Contents
Section 01
Full Pipeline Architecture
Documents uploaded by advisors flow through an 8-step pipeline that ensures PII is stripped before any AI sees the content:
flowchart TD
subgraph CLIENT["Browser - Client-Side"]
A1["Advisor selects document\n(image/PDF)"]
A2["Browser upload client\n(direct-to-S3)"]
end
subgraph EDGE1["Supabase Edge Function\n(analyze-strategy)"]
B1["get_upload_url action\nGenerates pre-signed S3 URL\n300-second TTL"]
end
subgraph AWS["AWS Infrastructure"]
C1["S3 Bucket\nBlockPublicAccess\nAES-256 at rest"]
C2["Lambda Function\n(stateless)\nAWS Textract OCR\n→ Raw text extraction"]
end
subgraph EDGE2["Supabase Edge Function\n(extract-liabilities / extract-fees)"]
D1["Invoke processor\nTriggers Lambda"]
D2["Receives sanitized text\nfrom Lambda"]
D3["Gemini 2.5 Flash\nStructured extraction\n(JSON schema enforcement)"]
D4["Usage tracking\n→ Privacy Guardrail audit write"]
end
subgraph GUARDRAIL["Privacy Guardrail Layer"]
G1["Text pattern scan\n6 PII pattern types"]
G2["Object key redaction\n10+ sensitive keys"]
G3["Audit write\nDouble-sanitize before store"]
end
subgraph DB["Supabase PostgreSQL"]
E1["AI audit log\n(sanitized payloads)"]
E2["Usage metrics\n(token counts, costs)"]
end
A1 -->|"1. Request upload URL"| B1
B1 -->|"2. Return signed URL + object key"| A2
A2 -->|"3. PUT file directly to S3\n(browser to S3, no server)"| C1
C1 -->|"4. Lambda triggered"| C2
D1 -->|"5. Edge invokes Lambda"| C2
C2 -->|"6. Returns OCR text"| D2
D2 -->|"7. Text sent to Gemini"| D3
D3 -->|"8. Structured JSON returned"| CLIENT
D4 --> GUARDRAIL
GUARDRAIL --> E1
D4 --> E2
style CLIENT fill:#1e293b,stroke:#3b82f6,color:#e2e8f0
style AWS fill:#0f172a,stroke:#f59e0b,color:#e2e8f0
style EDGE1 fill:#1e293b,stroke:#22c55e,color:#e2e8f0
style EDGE2 fill:#1e293b,stroke:#22c55e,color:#e2e8f0
style GUARDRAIL fill:#1e293b,stroke:#ef4444,color:#e2e8f0
style DB fill:#0f172a,stroke:#8b5cf6,color:#e2e8f0
Section 02
Step-by-Step Data Flow
Upload Request (Browser → Edge)
The browser requests a pre-signed URL from the analyze-strategy edge function. No file data is transmitted in this step. Only the filename and MIME type.

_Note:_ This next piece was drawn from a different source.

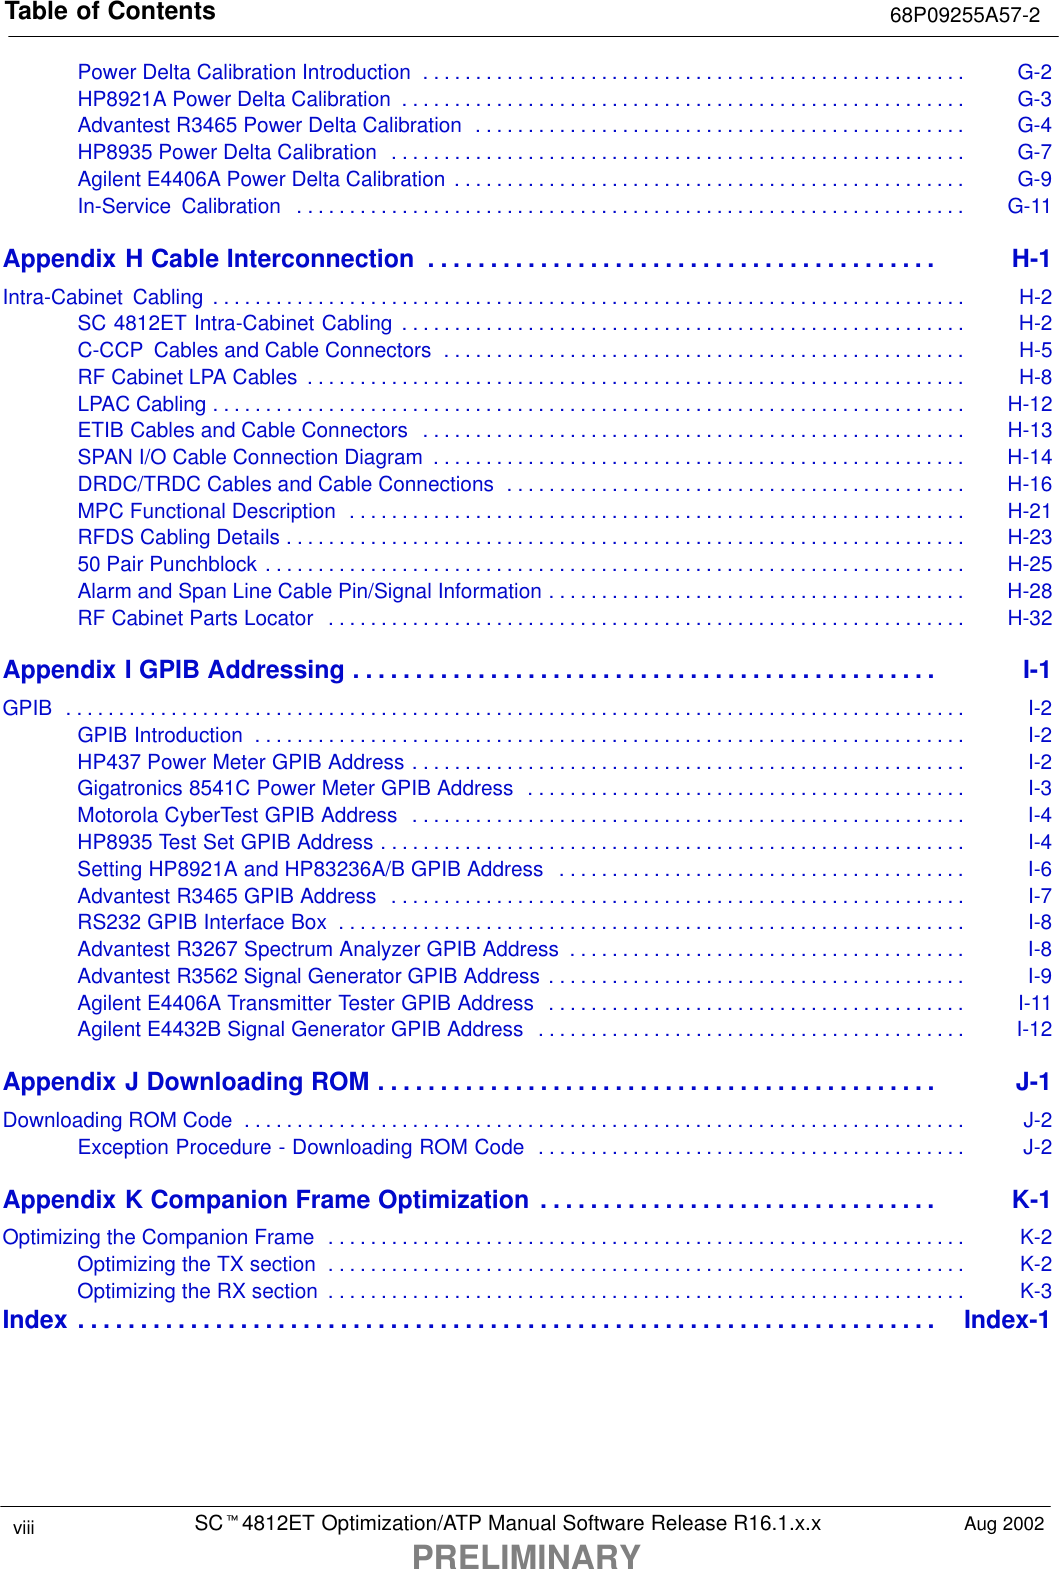 Table of Contents 68P09255A57-2SCt4812ET Optimization/ATP Manual Software Release R16.1.x.xPRELIMINARYviii Aug 2002Power Delta Calibration Introduction G-2. . . . . . . . . . . . . . . . . . . . . . . . . . . . . . . . . . . . . . . . . . . . . . . . . . . . HP8921A Power Delta Calibration G-3. . . . . . . . . . . . . . . . . . . . . . . . . . . . . . . . . . . . . . . . . . . . . . . . . . . . . . Advantest R3465 Power Delta Calibration G-4. . . . . . . . . . . . . . . . . . . . . . . . . . . . . . . . . . . . . . . . . . . . . . . HP8935 Power Delta Calibration G-7. . . . . . . . . . . . . . . . . . . . . . . . . . . . . . . . . . . . . . . . . . . . . . . . . . . . . . . Agilent E4406A Power Delta Calibration G-9. . . . . . . . . . . . . . . . . . . . . . . . . . . . . . . . . . . . . . . . . . . . . . . . . In-Service  Calibration G-11. . . . . . . . . . . . . . . . . . . . . . . . . . . . . . . . . . . . . . . . . . . . . . . . . . . . . . . . . . . . . . . . Appendix H Cable Interconnection H-1. . . . . . . . . . . . . . . . . . . . . . . . . . . . . . . . . . . . . . . . . Intra-Cabinet Cabling H-2. . . . . . . . . . . . . . . . . . . . . . . . . . . . . . . . . . . . . . . . . . . . . . . . . . . . . . . . . . . . . . . . . . . . . . . . SC 4812ET Intra-Cabinet Cabling H-2. . . . . . . . . . . . . . . . . . . . . . . . . . . . . . . . . . . . . . . . . . . . . . . . . . . . . . C-CCP  Cables and Cable Connectors H-5. . . . . . . . . . . . . . . . . . . . . . . . . . . . . . . . . . . . . . . . . . . . . . . . . . RF Cabinet LPA Cables H-8. . . . . . . . . . . . . . . . . . . . . . . . . . . . . . . . . . . . . . . . . . . . . . . . . . . . . . . . . . . . . . . LPAC Cabling H-12. . . . . . . . . . . . . . . . . . . . . . . . . . . . . . . . . . . . . . . . . . . . . . . . . . . . . . . . . . . . . . . . . . . . . . . . ETIB Cables and Cable Connectors H-13. . . . . . . . . . . . . . . . . . . . . . . . . . . . . . . . . . . . . . . . . . . . . . . . . . . . SPAN I/O Cable Connection Diagram H-14. . . . . . . . . . . . . . . . . . . . . . . . . . . . . . . . . . . . . . . . . . . . . . . . . . . DRDC/TRDC Cables and Cable Connections H-16. . . . . . . . . . . . . . . . . . . . . . . . . . . . . . . . . . . . . . . . . . . . MPC Functional Description H-21. . . . . . . . . . . . . . . . . . . . . . . . . . . . . . . . . . . . . . . . . . . . . . . . . . . . . . . . . . . RFDS Cabling Details H-23. . . . . . . . . . . . . . . . . . . . . . . . . . . . . . . . . . . . . . . . . . . . . . . . . . . . . . . . . . . . . . . . . 50 Pair Punchblock H-25. . . . . . . . . . . . . . . . . . . . . . . . . . . . . . . . . . . . . . . . . . . . . . . . . . . . . . . . . . . . . . . . . . . Alarm and Span Line Cable Pin/Signal Information H-28. . . . . . . . . . . . . . . . . . . . . . . . . . . . . . . . . . . . . . . . RF Cabinet Parts Locator H-32. . . . . . . . . . . . . . . . . . . . . . . . . . . . . . . . . . . . . . . . . . . . . . . . . . . . . . . . . . . . . Appendix I GPIB Addressing I-1. . . . . . . . . . . . . . . . . . . . . . . . . . . . . . . . . . . . . . . . . . . . . . . GPIB I-2. . . . . . . . . . . . . . . . . . . . . . . . . . . . . . . . . . . . . . . . . . . . . . . . . . . . . . . . . . . . . . . . . . . . . . . . . . . . . . . . . . . . . . GPIB Introduction I-2. . . . . . . . . . . . . . . . . . . . . . . . . . . . . . . . . . . . . . . . . . . . . . . . . . . . . . . . . . . . . . . . . . . . HP437 Power Meter GPIB Address I-2. . . . . . . . . . . . . . . . . . . . . . . . . . . . . . . . . . . . . . . . . . . . . . . . . . . . . Gigatronics 8541C Power Meter GPIB Address I-3. . . . . . . . . . . . . . . . . . . . . . . . . . . . . . . . . . . . . . . . . . Motorola CyberTest GPIB Address I-4. . . . . . . . . . . . . . . . . . . . . . . . . . . . . . . . . . . . . . . . . . . . . . . . . . . . . HP8935 Test Set GPIB Address I-4. . . . . . . . . . . . . . . . . . . . . . . . . . . . . . . . . . . . . . . . . . . . . . . . . . . . . . . . Setting HP8921A and HP83236A/B GPIB Address I-6. . . . . . . . . . . . . . . . . . . . . . . . . . . . . . . . . . . . . . . Advantest R3465 GPIB Address I-7. . . . . . . . . . . . . . . . . . . . . . . . . . . . . . . . . . . . . . . . . . . . . . . . . . . . . . . RS232 GPIB Interface Box I-8. . . . . . . . . . . . . . . . . . . . . . . . . . . . . . . . . . . . . . . . . . . . . . . . . . . . . . . . . . . . Advantest R3267 Spectrum Analyzer GPIB Address I-8. . . . . . . . . . . . . . . . . . . . . . . . . . . . . . . . . . . . . . Advantest R3562 Signal Generator GPIB Address I-9. . . . . . . . . . . . . . . . . . . . . . . . . . . . . . . . . . . . . . . . Agilent E4406A Transmitter Tester GPIB Address I-11. . . . . . . . . . . . . . . . . . . . . . . . . . . . . . . . . . . . . . . . Agilent E4432B Signal Generator GPIB Address I-12. . . . . . . . . . . . . . . . . . . . . . . . . . . . . . . . . . . . . . . . . Appendix J Downloading ROM J-1. . . . . . . . . . . . . . . . . . . . . . . . . . . . . . . . . . . . . . . . . . . . . Downloading ROM Code J-2. . . . . . . . . . . . . . . . . . . . . . . . . . . . . . . . . . . . . . . . . . . . . . . . . . . . . . . . . . . . . . . . . . . . . Exception Procedure - Downloading ROM Code J-2. . . . . . . . . . . . . . . . . . . . . . . . . . . . . . . . . . . . . . . . . Appendix K Companion Frame Optimization K-1. . . . . . . . . . . . . . . . . . . . . . . . . . . . . . . . Optimizing the Companion Frame K-2. . . . . . . . . . . . . . . . . . . . . . . . . . . . . . . . . . . . . . . . . . . . . . . . . . . . . . . . . . . . . Optimizing the TX section K-2. . . . . . . . . . . . . . . . . . . . . . . . . . . . . . . . . . . . . . . . . . . . . . . . . . . . . . . . . . . . . Optimizing the RX section K-3. . . . . . . . . . . . . . . . . . . . . . . . . . . . . . . . . . . . . . . . . . . . . . . . . . . . . . . . . . . . . Index Index-1. . . . . . . . . . . . . . . . . . . . . . . . . . . . . . . . . . . . . . . . . . . . . . . . . . . . . . . . . . . . . . . . . . . . .

Pre-Signed URL Generation (Edge → S3)
The edge function generates a single-use, 300-second pre-signed URL. This URL allows exactly one PUT operation to the S3 bucket, then expires.
Direct Upload (Browser → S3)
The file goes directly from the browser to S3. It never touches the WealthLens application server, the Supabase edge function, or any intermediary. The S3 bucket has BlockPublicAccess enabled and uses AES-256 encryption at rest.
OCR Processing (Edge → Lambda → Textract)
The edge function invokes a stateless AWS Lambda, which reads the file from S3, runs AWS Textract OCR, and returns extracted text. The Lambda execution environment is stateless. It is destroyed after processing.
PII Sanitization (Privacy Guardrail)
Before any text reaches Gemini AI, the Privacy Guardrail intercepts and sanitizes it at two levels: pattern-based text scanning and key-based object redaction. See Section 03 for the full redaction specification.
AI Analysis (Gemini 2.5 Flash)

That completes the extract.